- [Action item]
Only one span of the material below is wanted. Output it exactly, from the line with "Sea m?s fuertes que sus excusas" through the line with "http://m.82-200.pl/2020/04/orig/etap03-5795.jpg", without any pictures.

- [Exercise data]
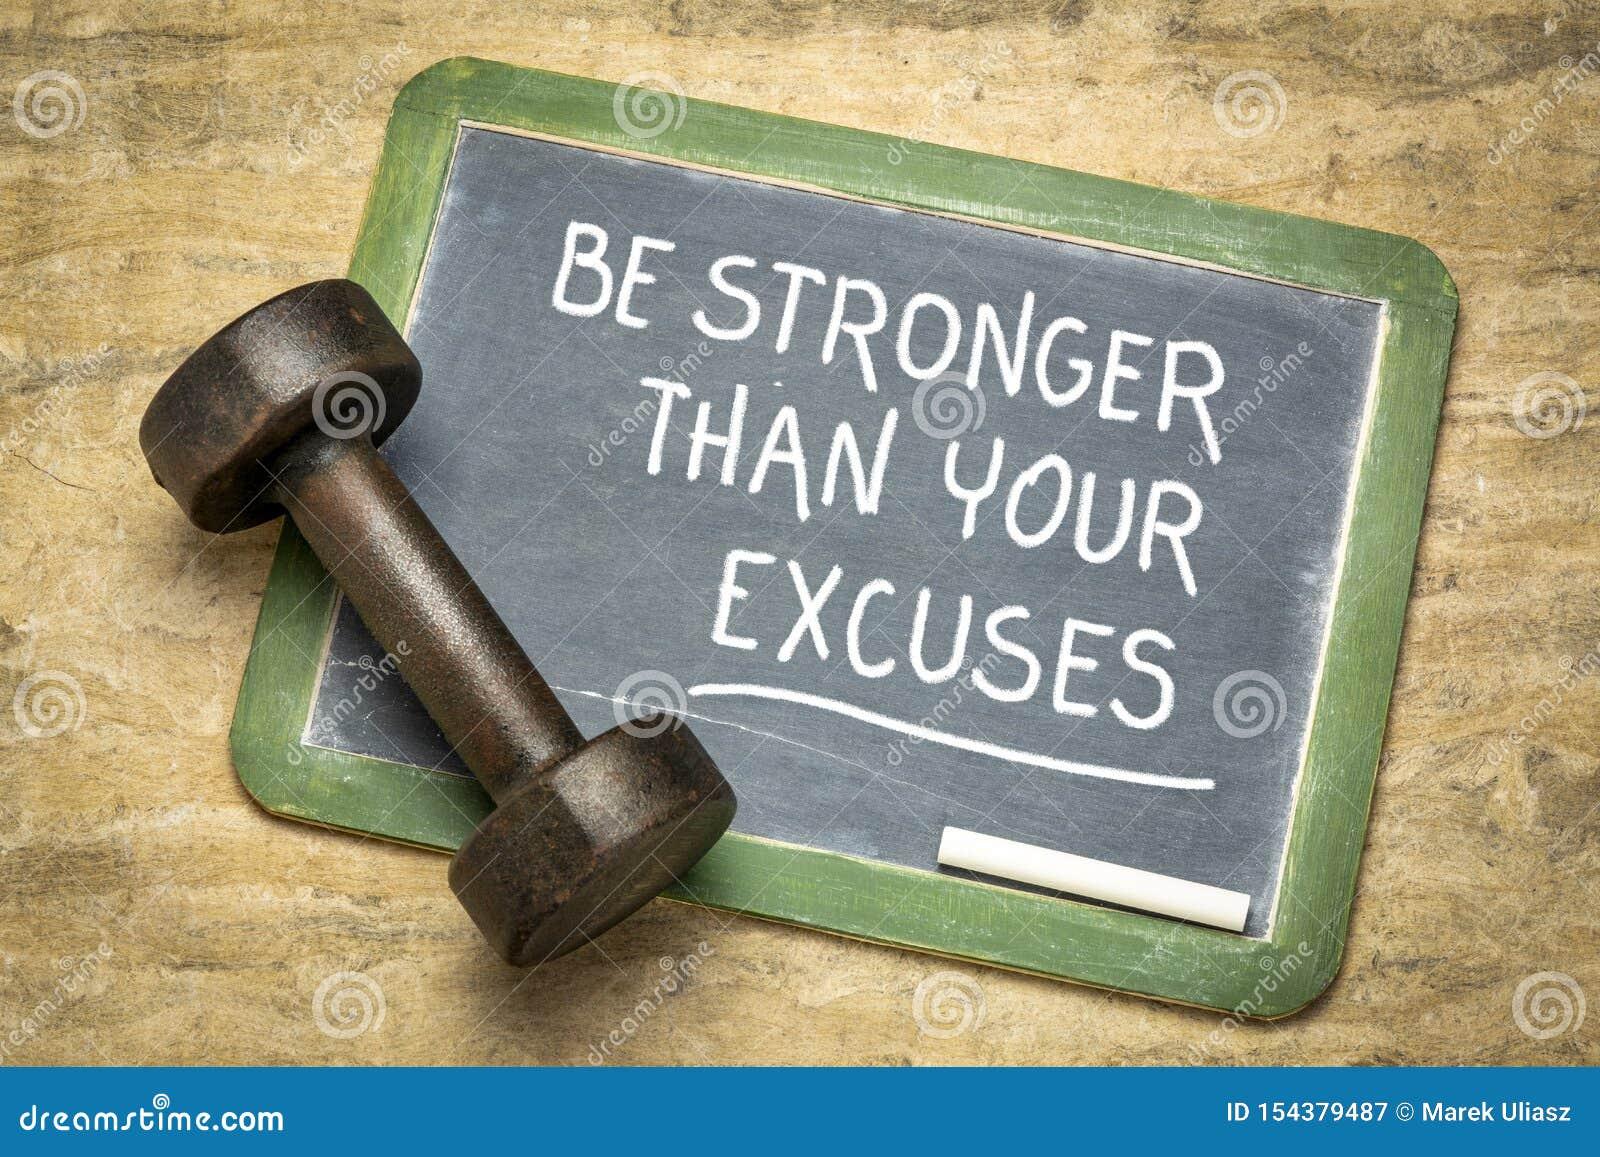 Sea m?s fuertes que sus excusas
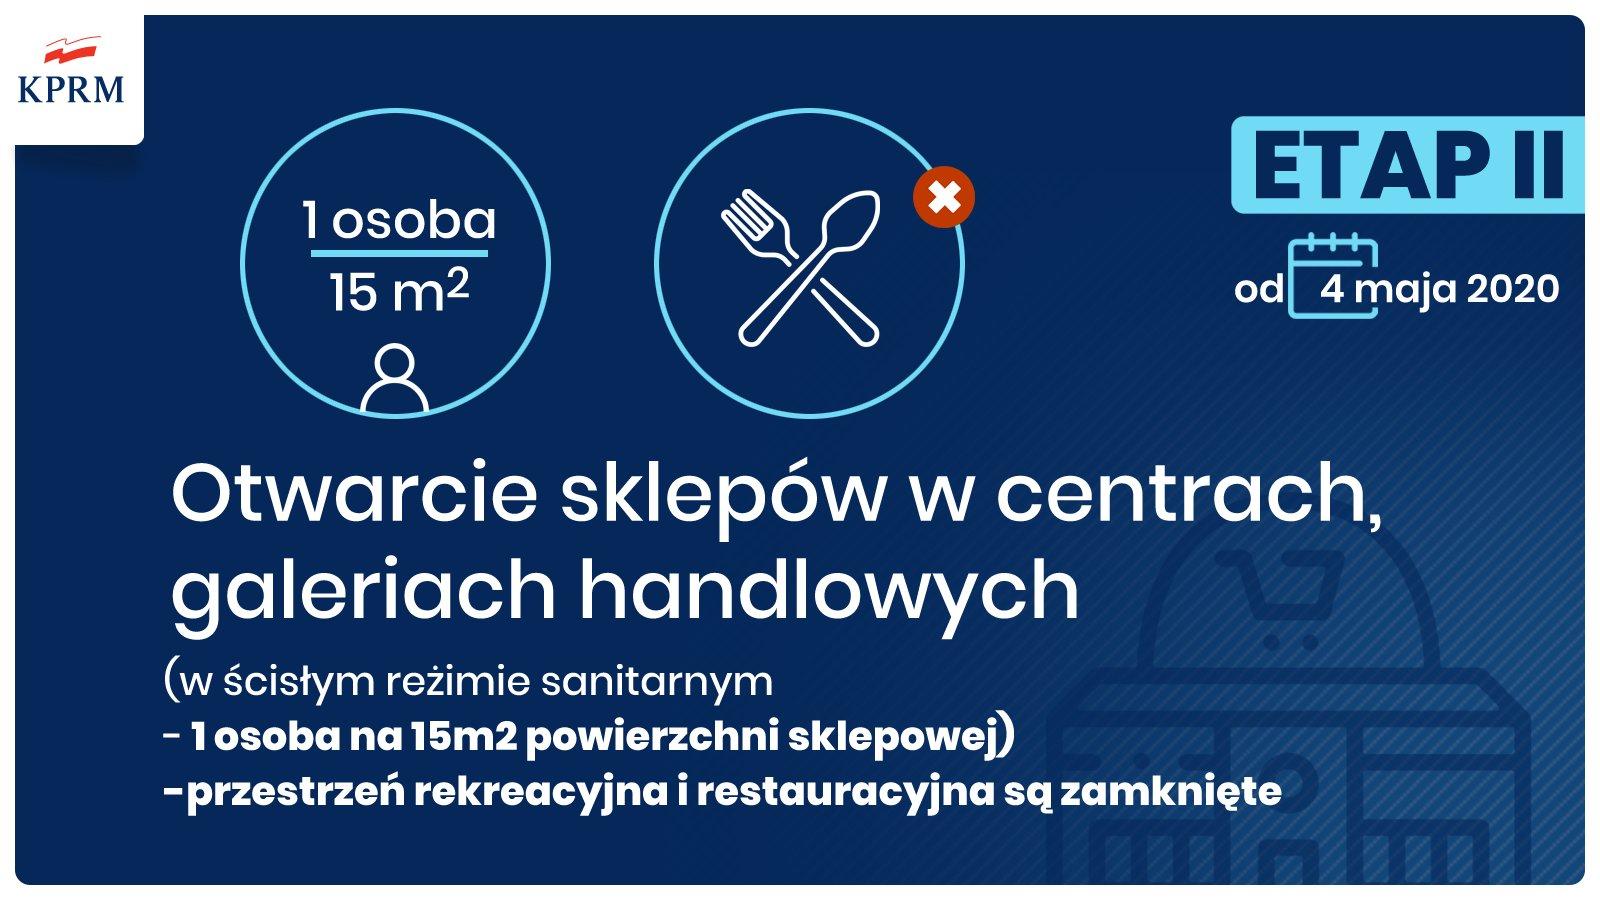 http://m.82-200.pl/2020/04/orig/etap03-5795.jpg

* * *

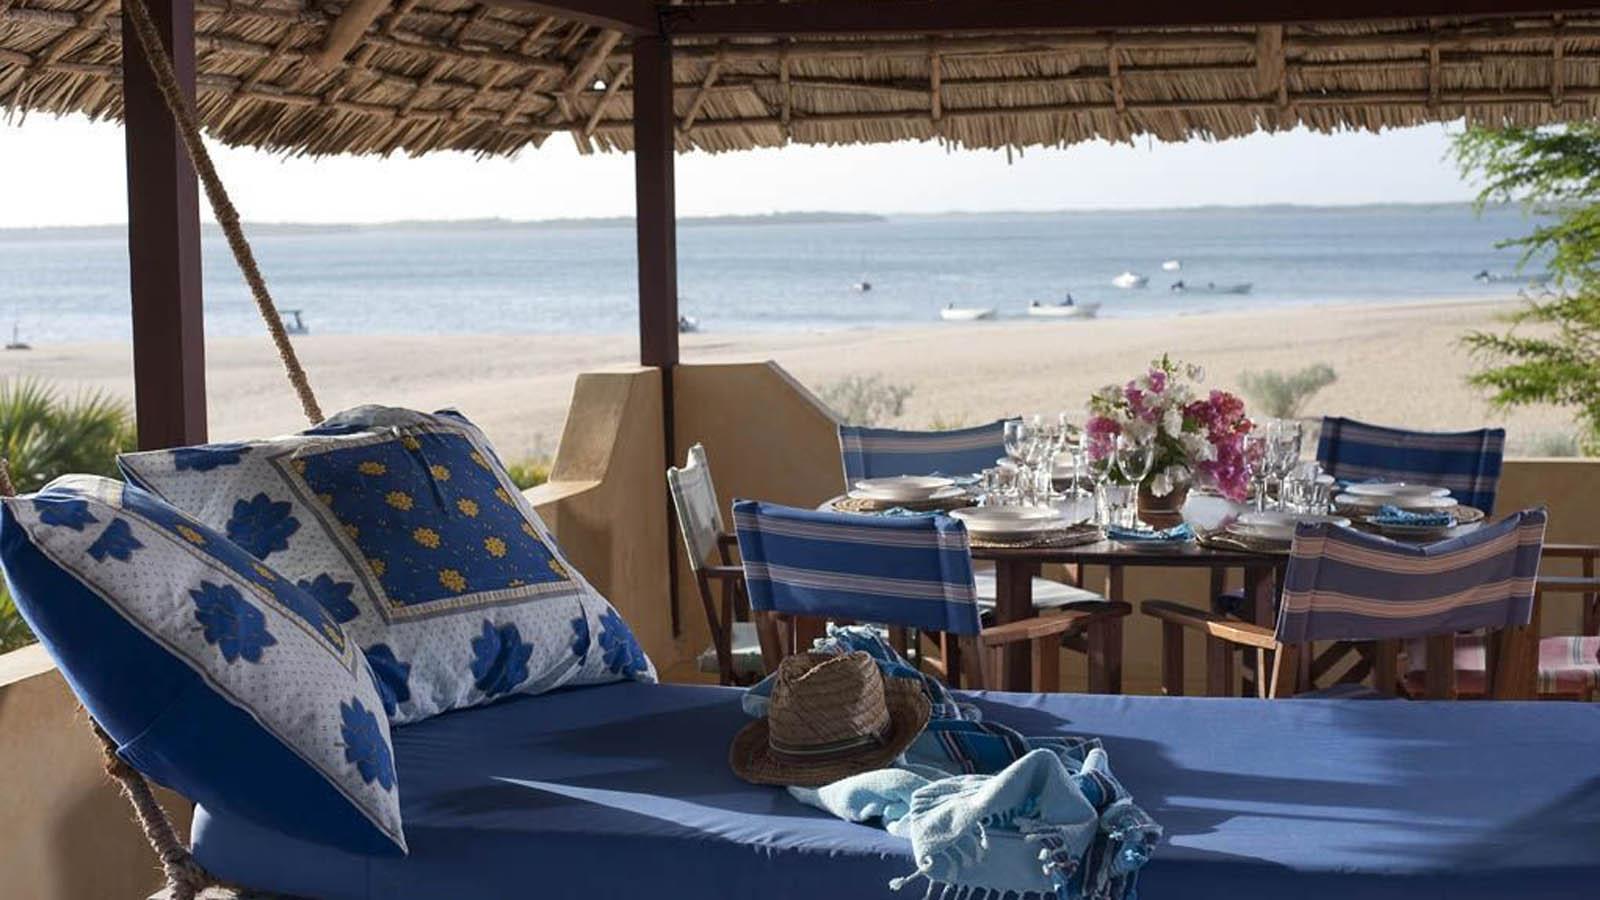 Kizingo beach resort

- [Response]
 Sea m?s fuertes que sus excusas
 http://m.82-200.pl/2020/04/orig/etap03-5795.jpg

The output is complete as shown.